Any of those cards will be a nice upgrade from your GT730.
Your psu can handle any modern single graphics card made today.
They are all approximately the same capability with the GTX1060 perhaps a tier higher on tom's graphics hierarchy chart:
http://www.tomshardware.com/reviews/gpu-hierarchy,4388.html
I might pass on the GTX970, mainly because it is an older gen and takes more power.
Not a problem with the mini versions. They are the same guts as the larger versions, but with lesser cooling.
Pay little attention to fancy cooling. Cooling sells, but what you get on a card will be appropriate to the card.
Open box may be just a return, or it could have a problem or missing parts.
You will get a warranty, but it is a hassle if you need it.
I do not see $200 GTX1060 cards.
I like the EVGA GTX1060SC for $210.
The SC is overclocked and stronger; EVGA has excellent customer forums and support.
http://www.newegg.com/Product/Product.aspx?Item=N82E16814487267
Considering that your FX-6300 is not a strong cpu, you might want to wait a couple of weeks for the upcoming GTX1050ti in the $150 range.
Do not use Vram as a selection criteria. My stock vram analysis:
VRAM has become a marketing issue.
My understanding is that vram is more of a performance issue than a functional issue.

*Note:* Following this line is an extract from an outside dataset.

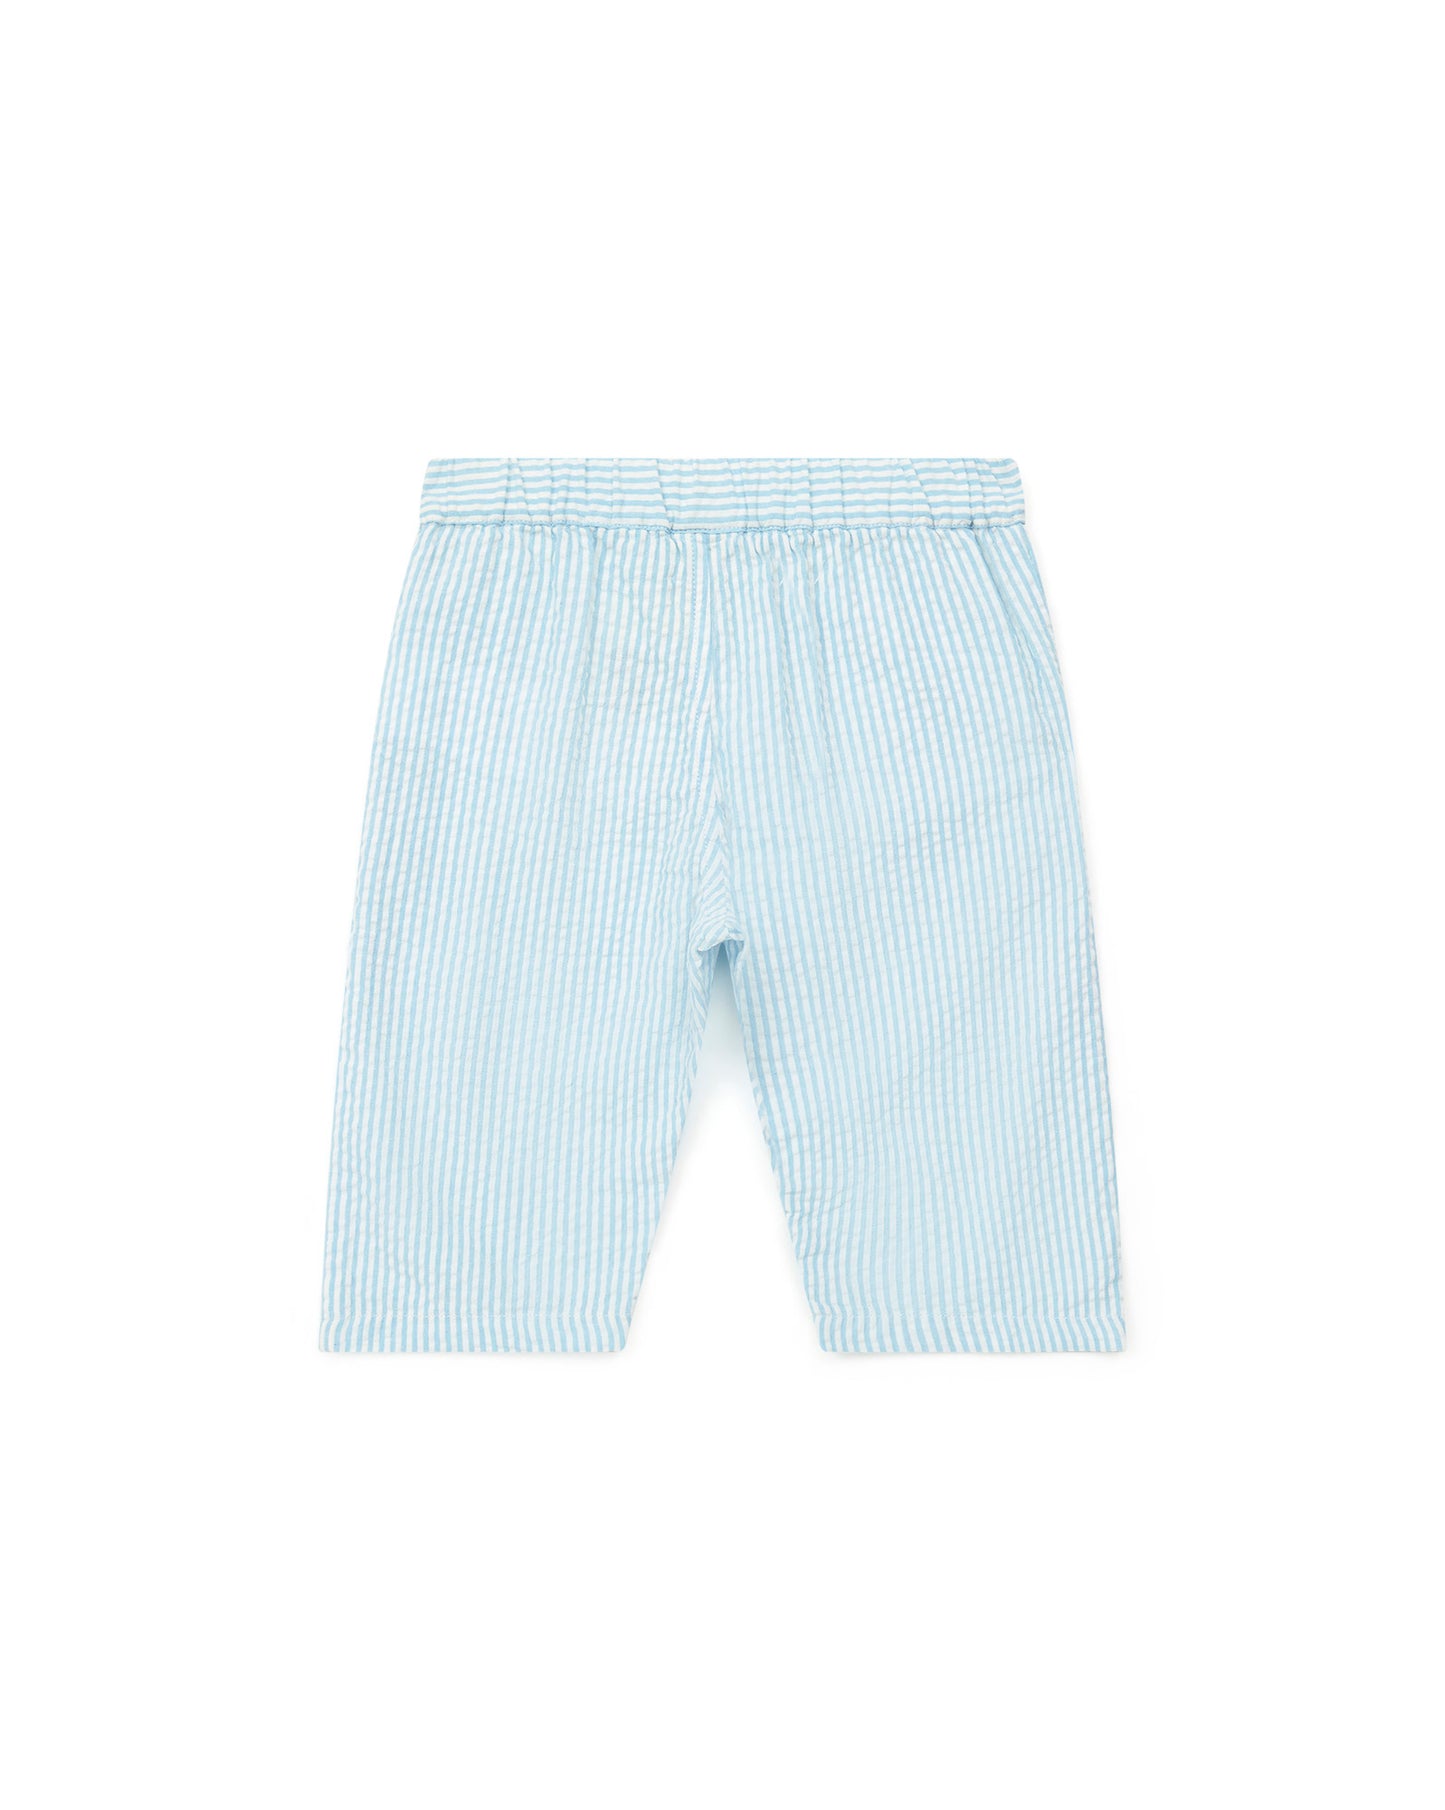 Pantalon - bébé uni 100% coton
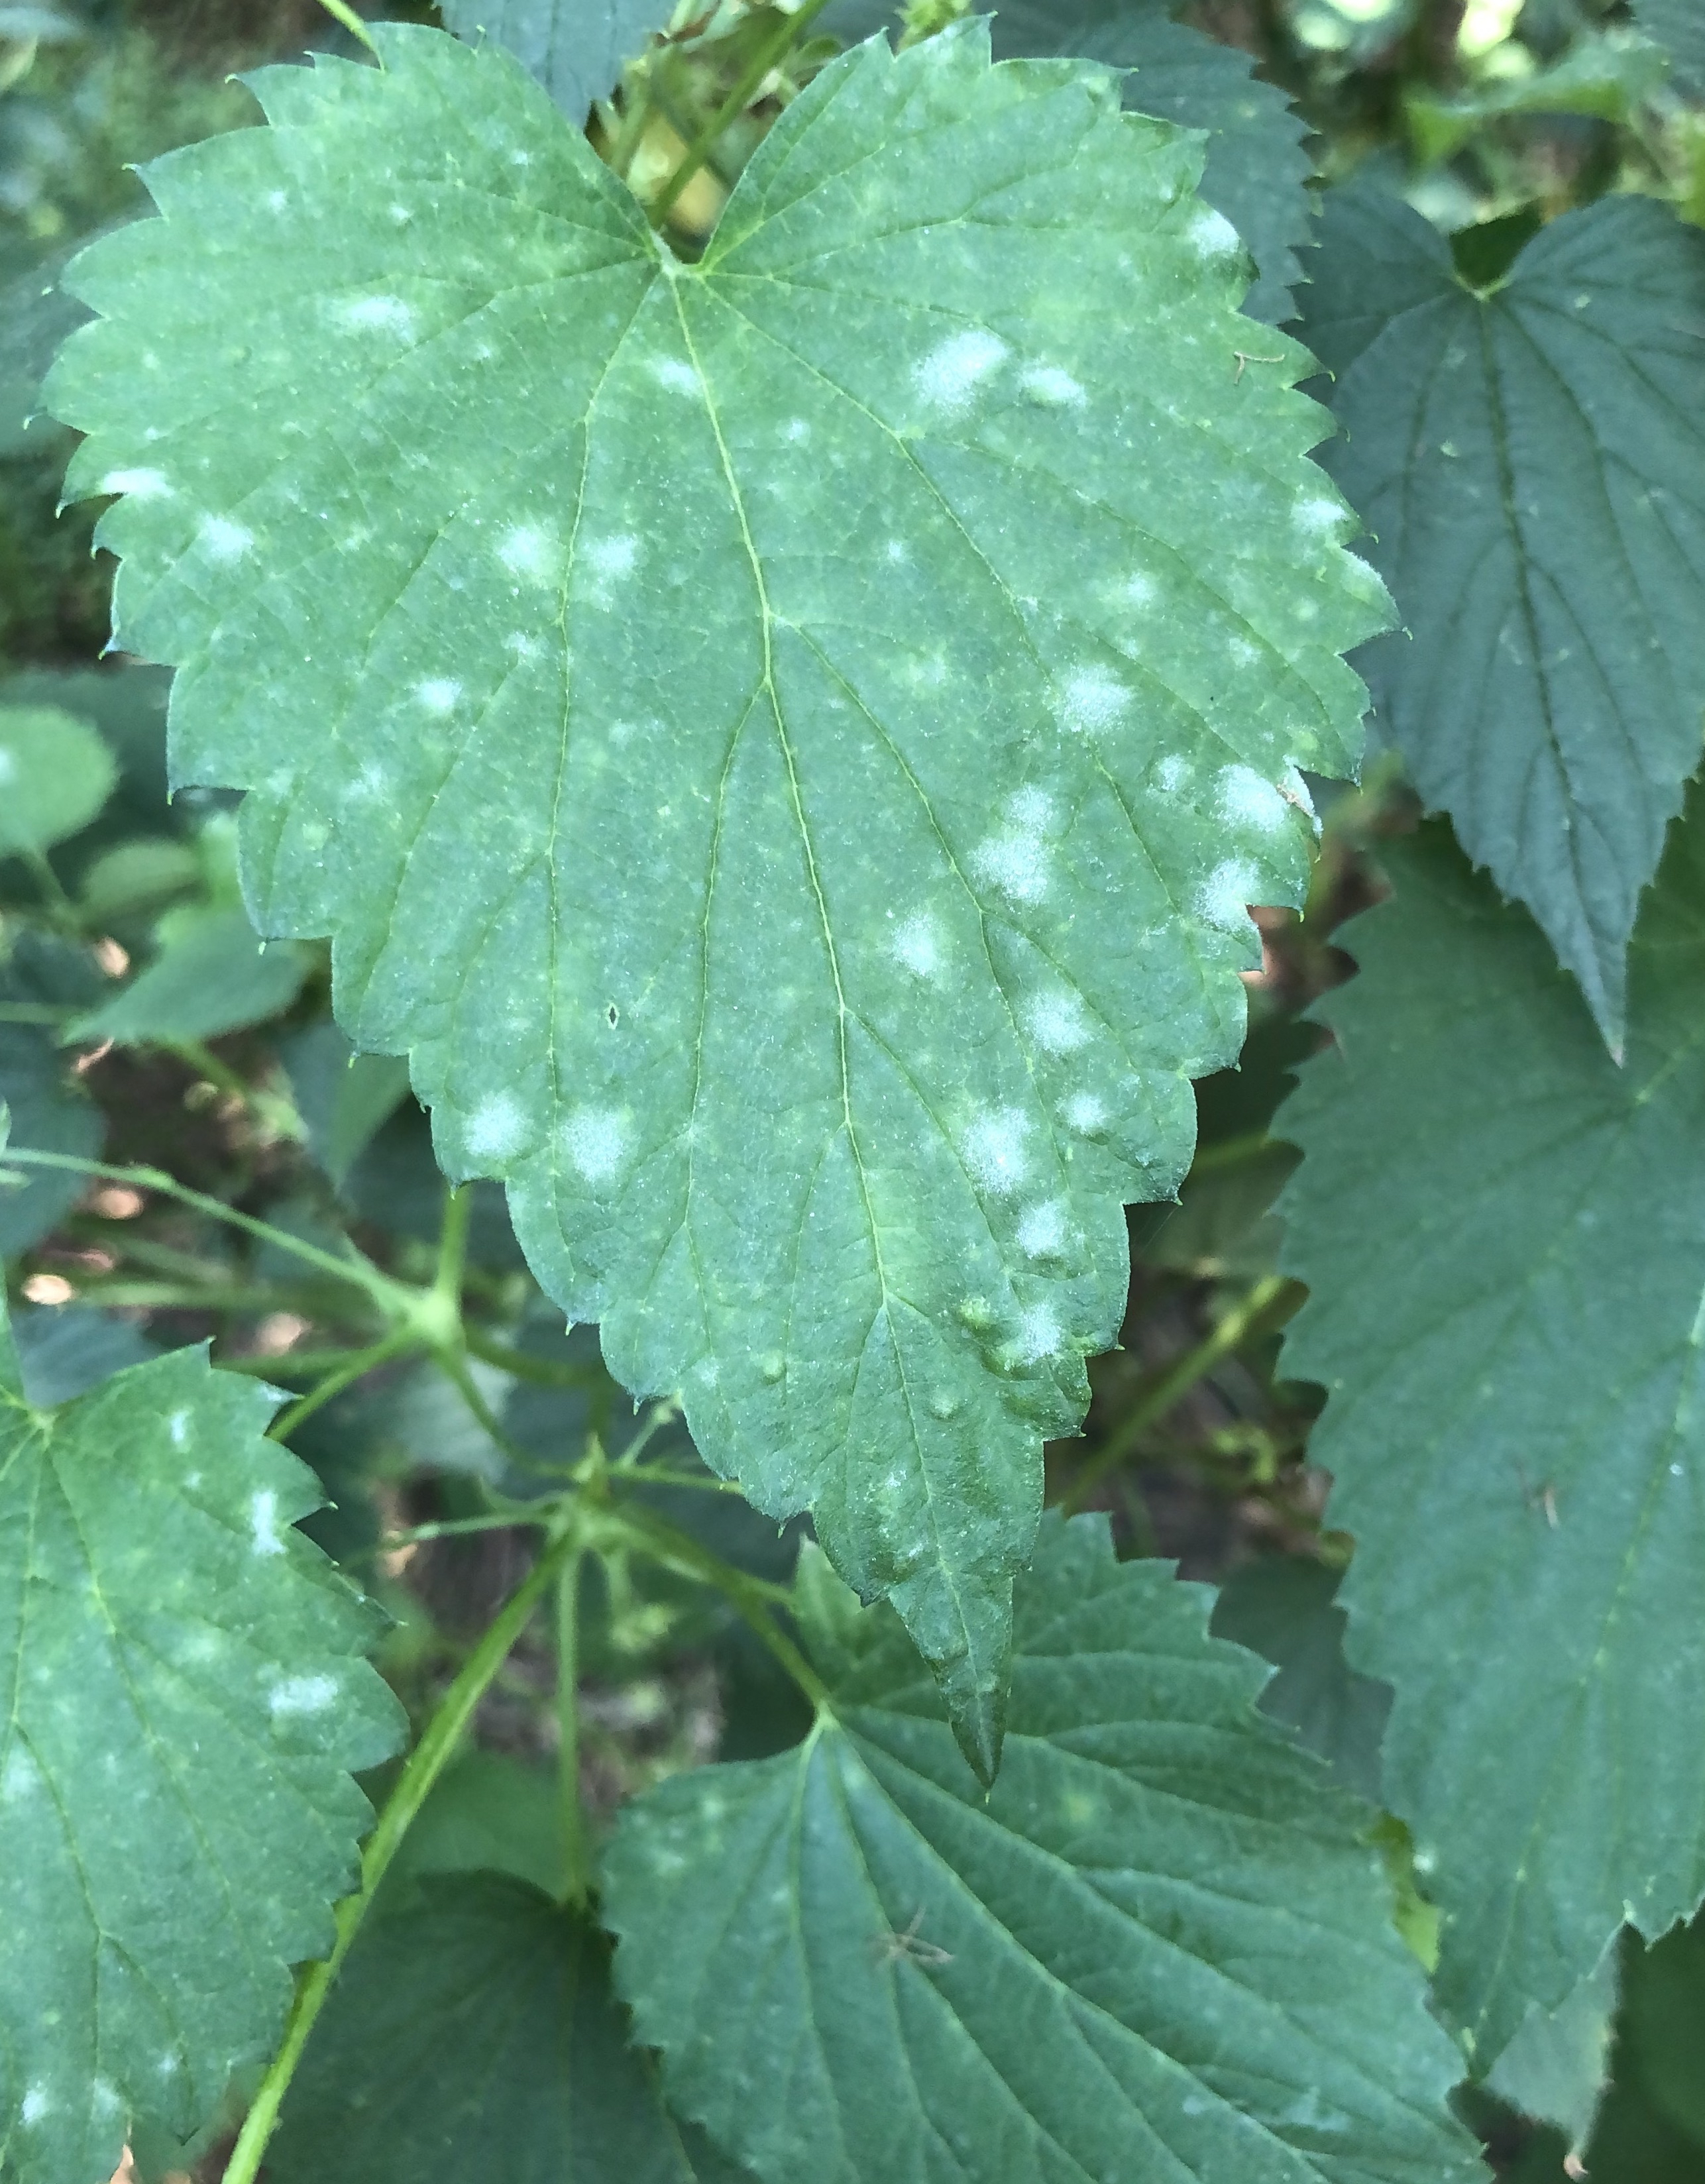 Foliar symptoms of powdery mildew

A game needs to have most of the data in vram that it uses most of the time.
Somewhat like real ram.
If a game needs something not in vram, it needs to get it across the pcie boundary
hopefully from real ram and hopefully not from a hard drive.
It is not informative to know to what level the available vram is filled.
Possibly much of what is there is not needed.
What is not known is the rate of vram exchange.
Vram is managed by the Graphics card driver, and by the game. There may be differences in effectiveness between amd and nvidia cards.
And differences between games.
Here is an older performance test comparing 2gb with 4gb vram.
http://www.pugetsystems.com/labs/articles/Video-Card-Performance-2GB-vs-4GB-Memory-154/
Spoiler... not a significant difference.
A more current set of tests shows the same results:
http://www.techspot.com/review/1114-vram-comparison-test/page5.html
And... no game maker wants to limit their market by
requiring huge amounts of vram. The vram you see will be appropriate to the particular card.